Murillo remains one of the most influential painters in Europe. He in turn took inspiration from Velasquez and Zurbarán. The painting we will be discussing today is his depiction of the Assumption of the Blessed Virgin. This episode is not explicitly in the Bible. Mary was assumed into heavenly glory, body and soul, and this assumption was dogmatically defined by Pius XII in 1950 in Munificentissimus Deus. So as official church dogma, Catholics are bound to believe it. We have covered a number of Assumption depictions in recent weeks and this one is very special indeed.

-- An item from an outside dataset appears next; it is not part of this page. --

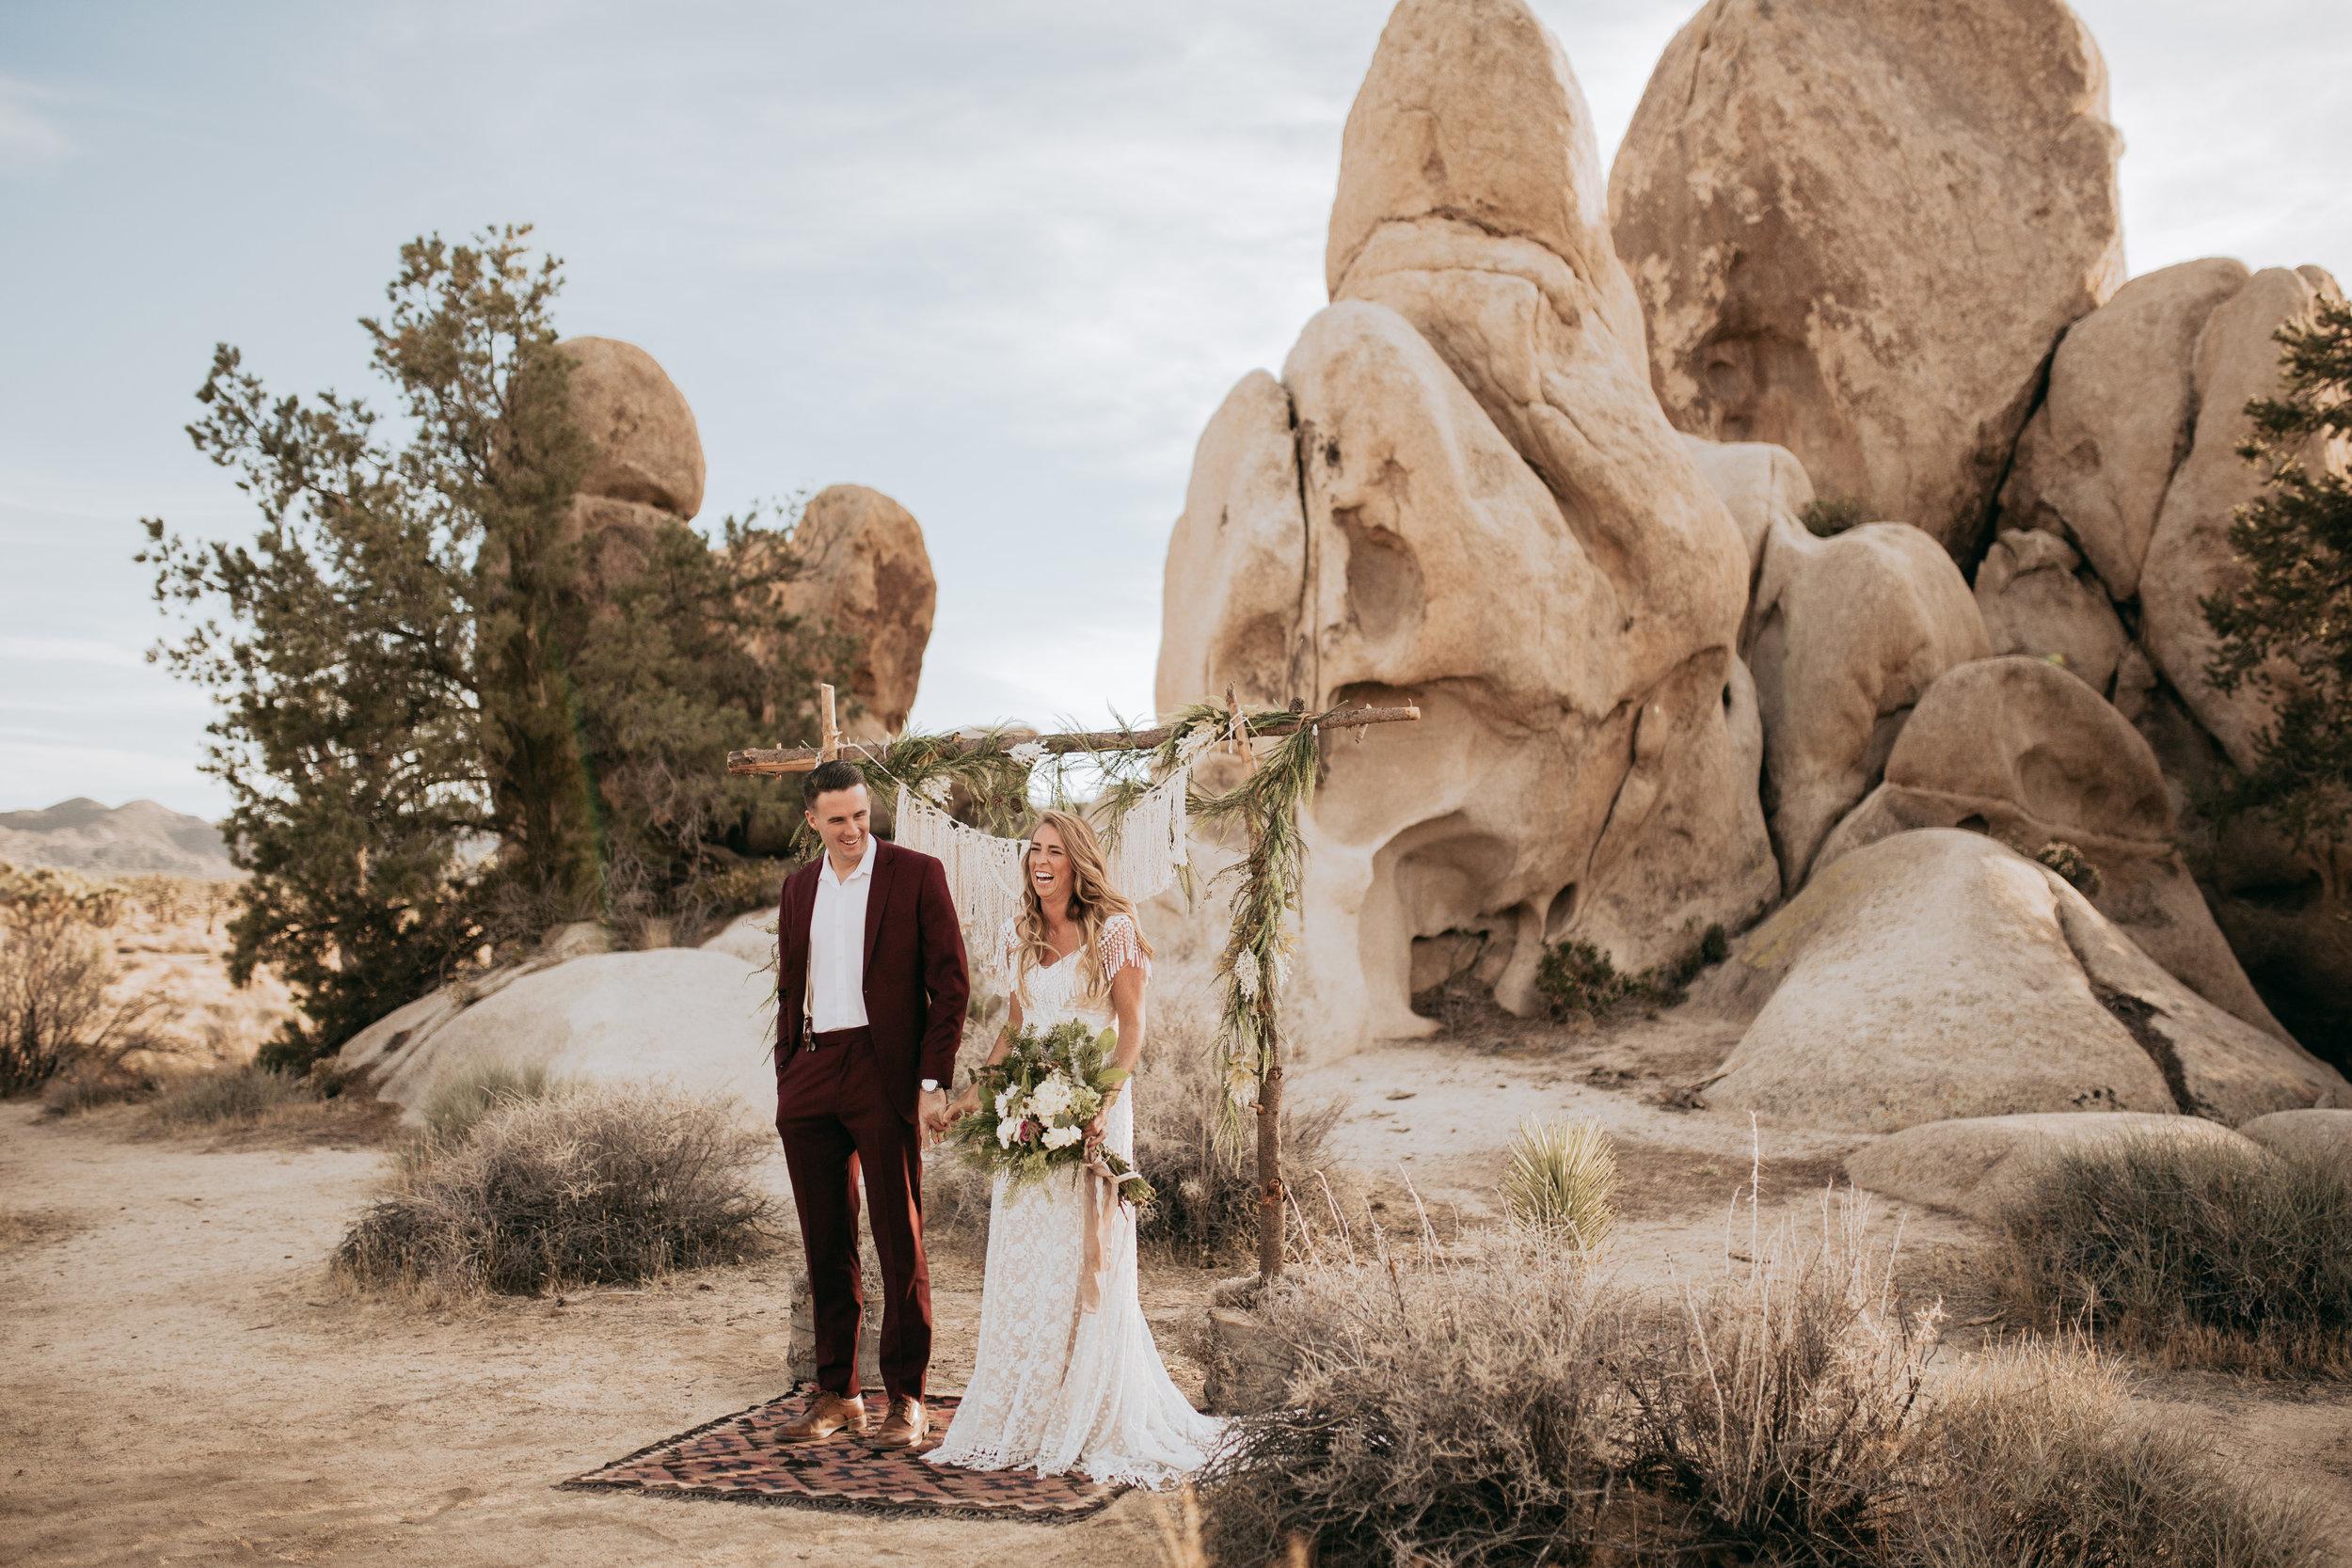 palmsprings_joshuatree_california_wedding_photographer-19.jpg

Murillo was the leading painter in Seville in the later 17th century. He remained one of the most admired and popular of all European artists in the 18th and early 19th centuries. His early works were much influenced by the early works of Velázquez, executed before Velázquez left Seville in 1623, and by the paintings of Zurbarán. National Gallery

Some depictions of the Assumption, like this one, show Mary as child like, on her way up to heaven. Indeed in my favourite depiction by Fra Angelico, Mary is shown in the bottom panel (her dormition) being held by Jesus, as a baby. Mary is shown on her way up to heaven, surrounded by a host of cherubs. These baby angels seem to be swirling around her and pulling her higher. The glow behind her head seems to emphasise her purity. Murillo also invites us to bask in her light and appreciate her purity. The fabric is rendered beautifully with clear movement. The dark purple of her robe further emphasises her divinity and royalty. She was from the house of David, after all.

Everything in this painting from the cherubs pushing Mary upwards to the billowing clouds about her and the glow her presence lends the scene is marvellous. I will think of this when praying the rosary on Wednesdays and Sundays when meditating upon this glorious mystery.